* _THE TASK_: An exact transcription of the listing, without its images, is what the answer must contain.

* _DATA PROVIDED_:
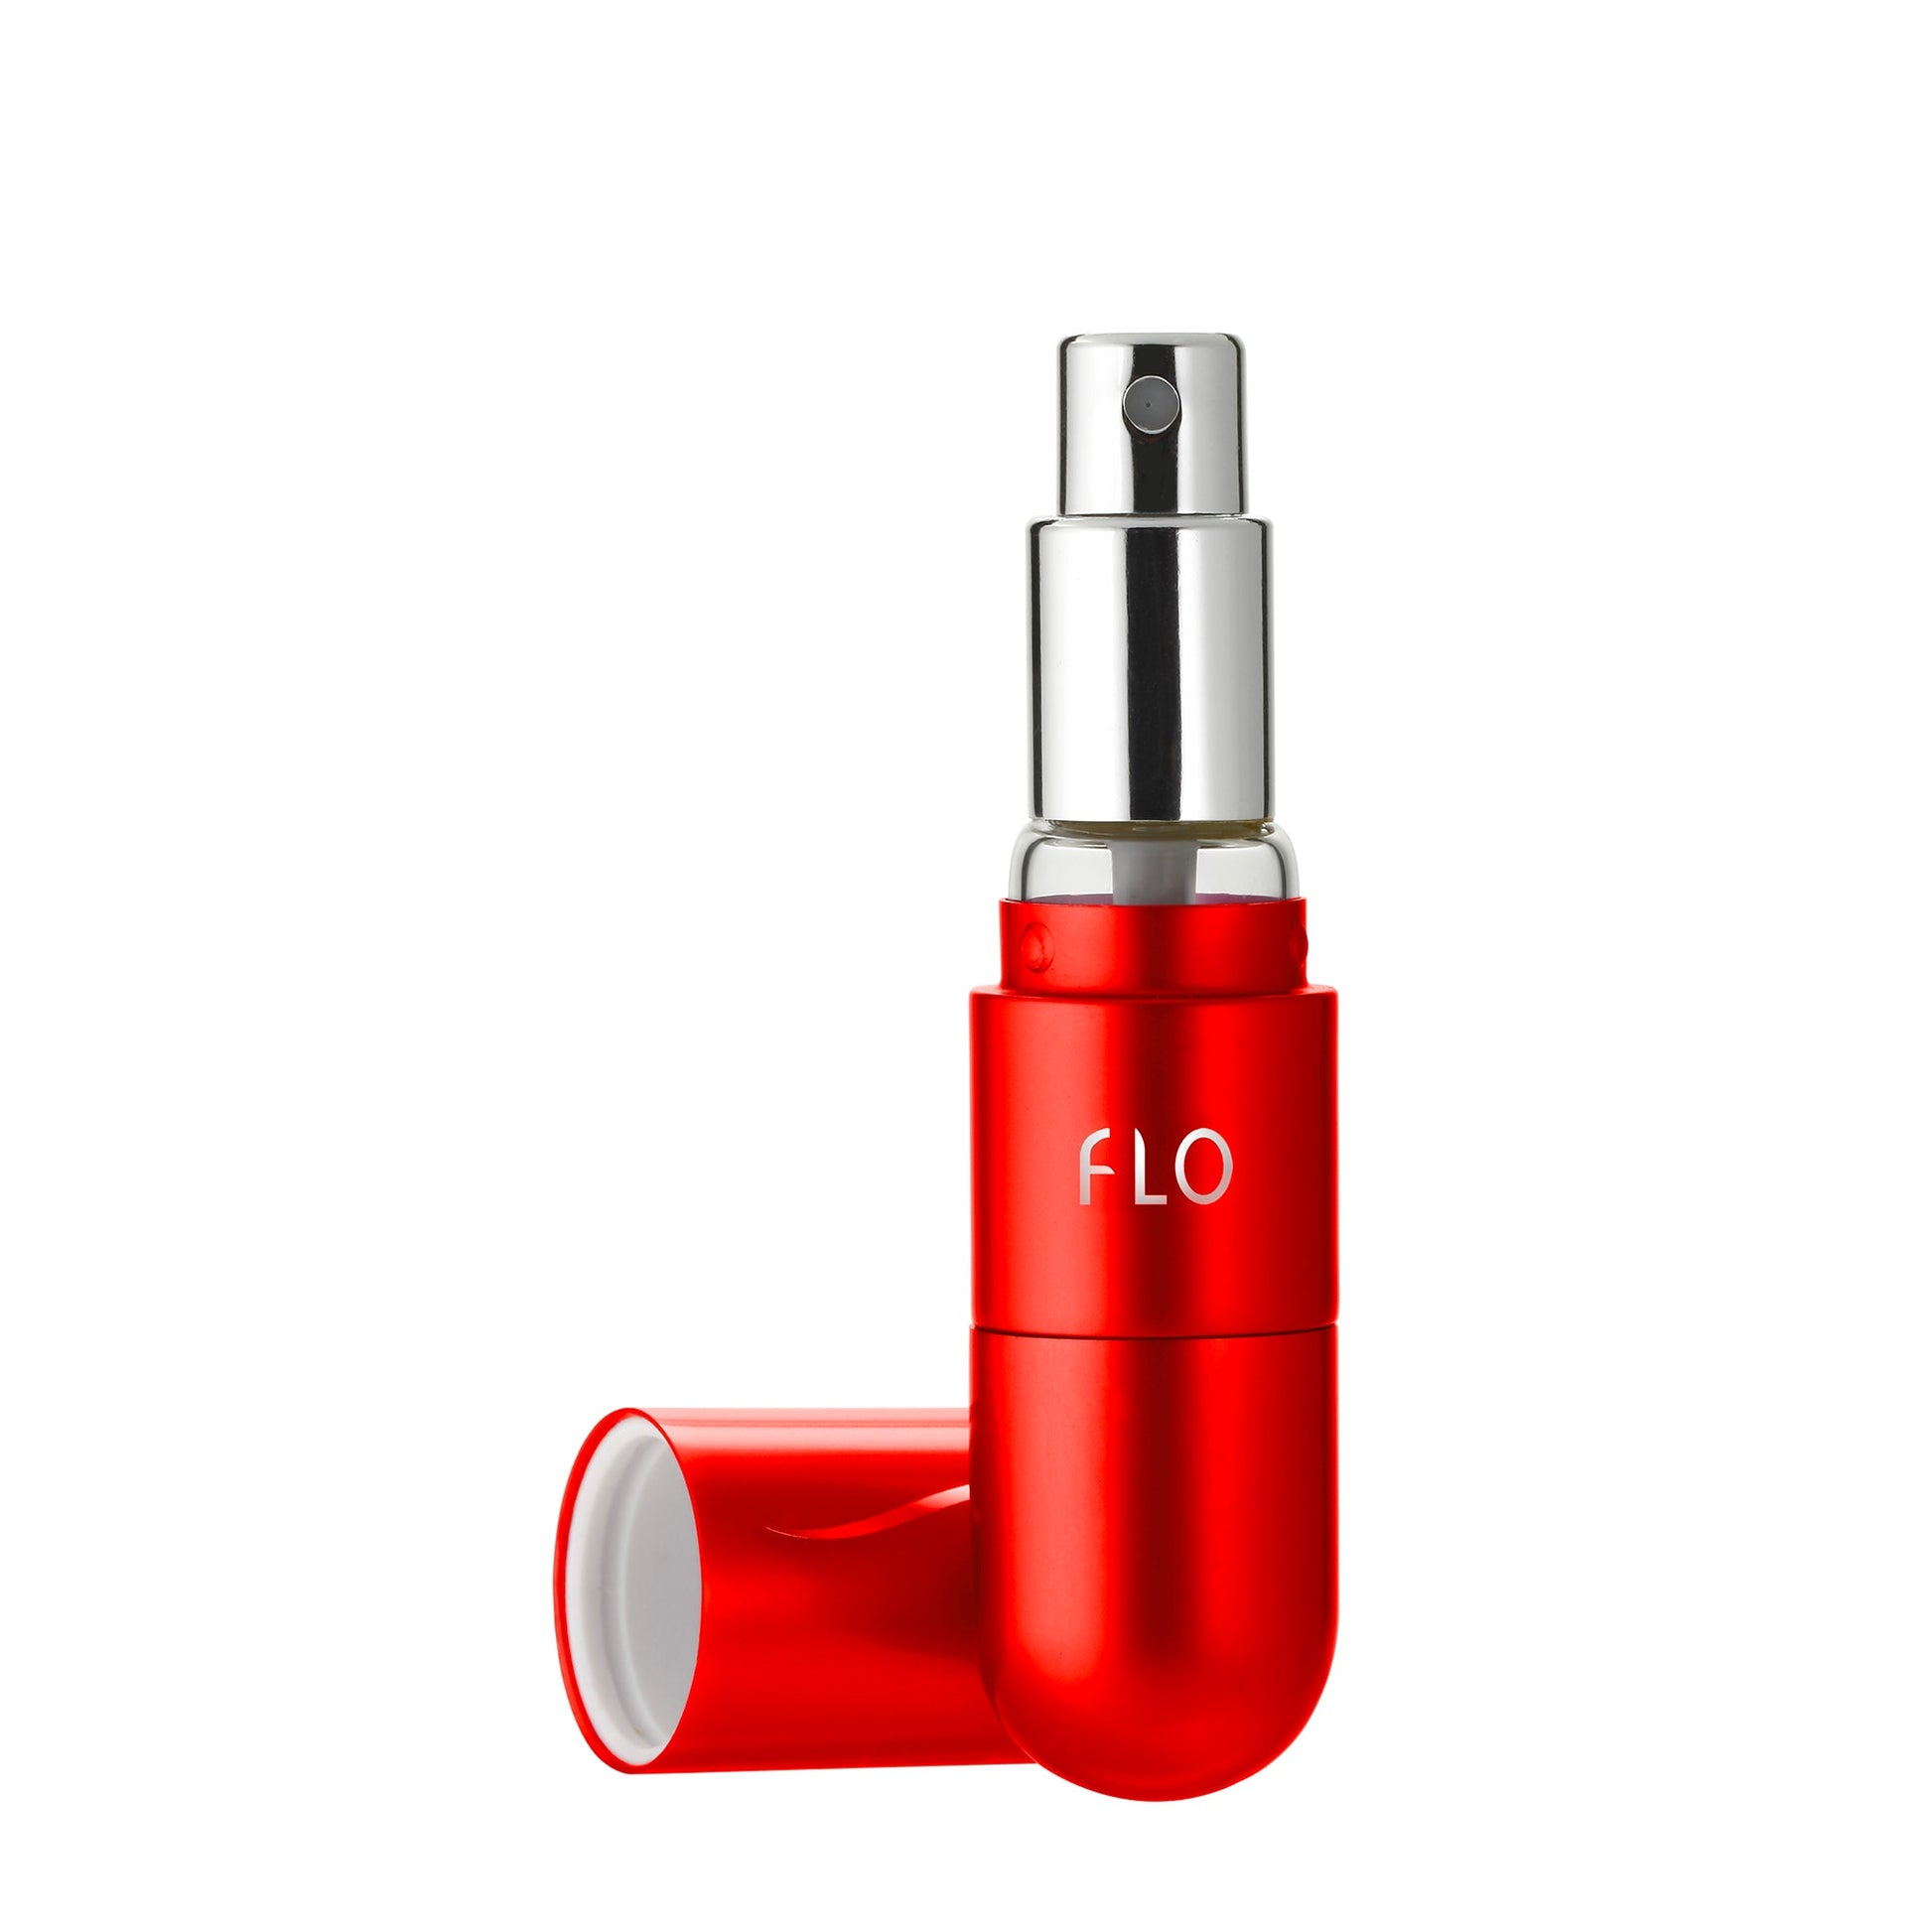 Pump and Fill Fragrance Atomizer by Flo, Product image 9
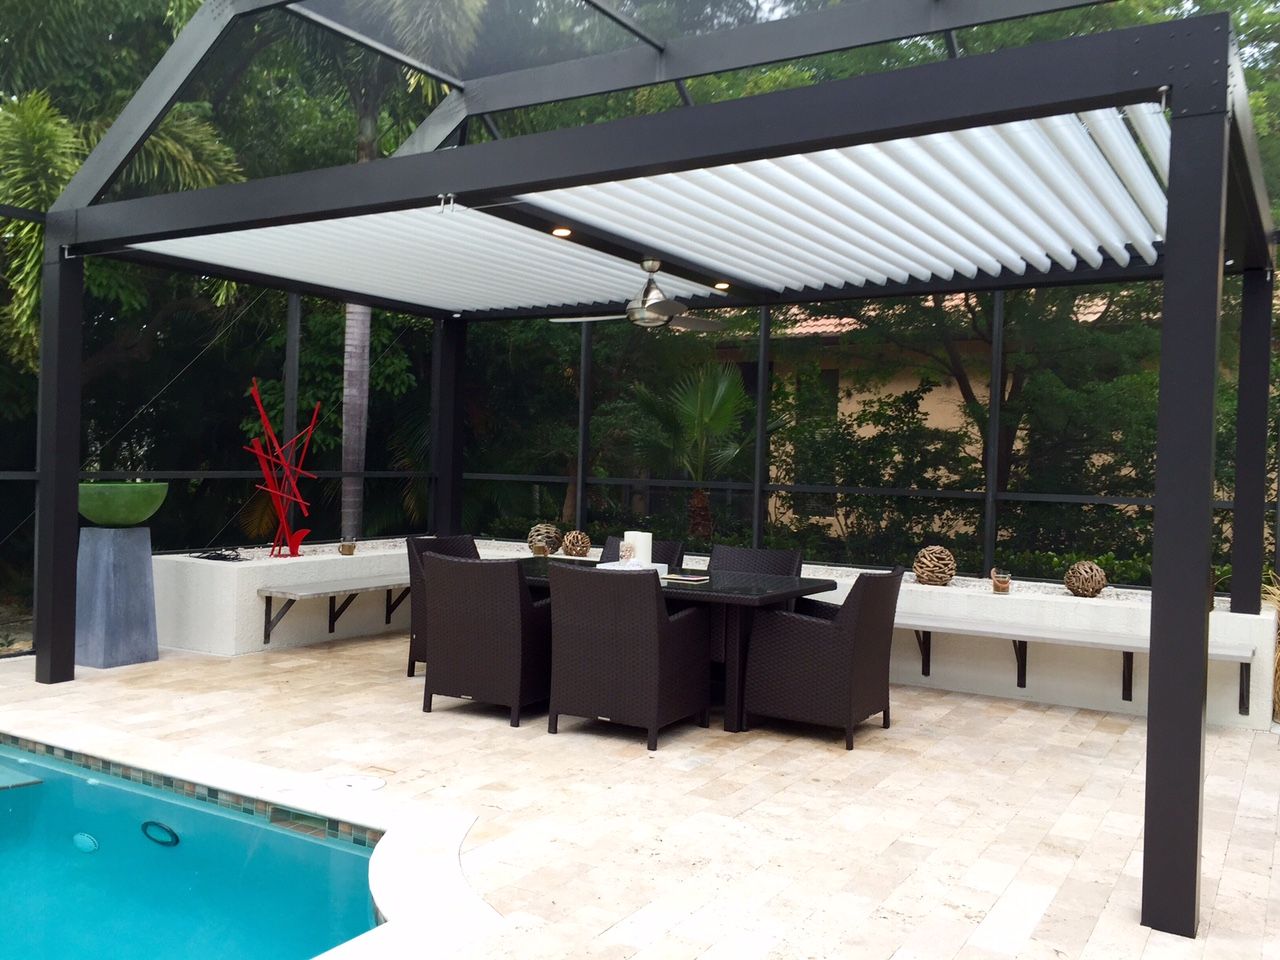 Featured image for post: Benefits of Purchasing a Pergola for Your Outdoor Living Space
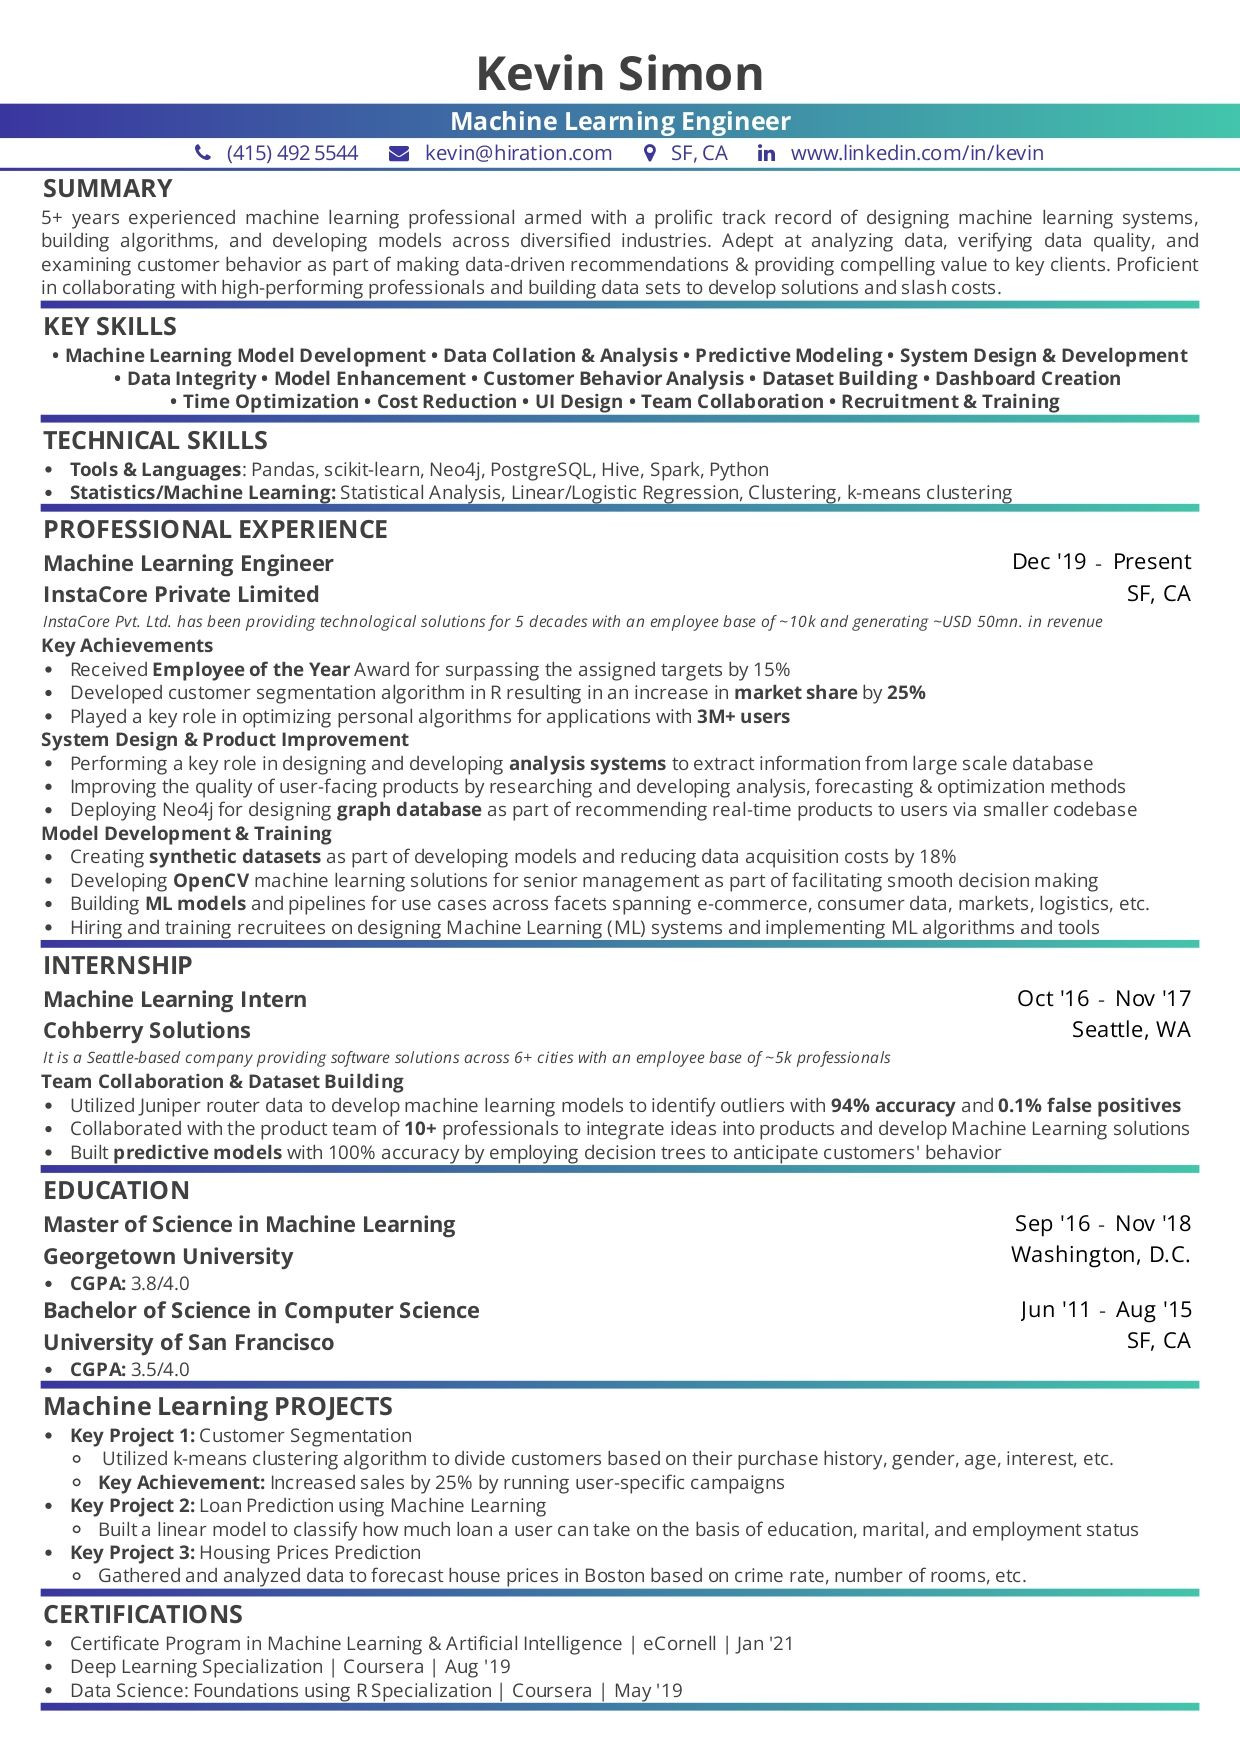 Sample Resumes for Machine Learnign Jobs How to Write A Machine Learning Resume: 2022 Guide with 10lancarrezekiq Examples

* _ANSWER BOX_:
 Pump and Fill Fragrance Atomizer by Flo, Product image 9
 Featured image for post: Benefits of Purchasing a Pergola for Your Outdoor Living Space
 Sample Resumes for Machine Learnign Jobs How to Write A Machine Learning Resume: 2022 Guide with 10lancarrezekiq Examples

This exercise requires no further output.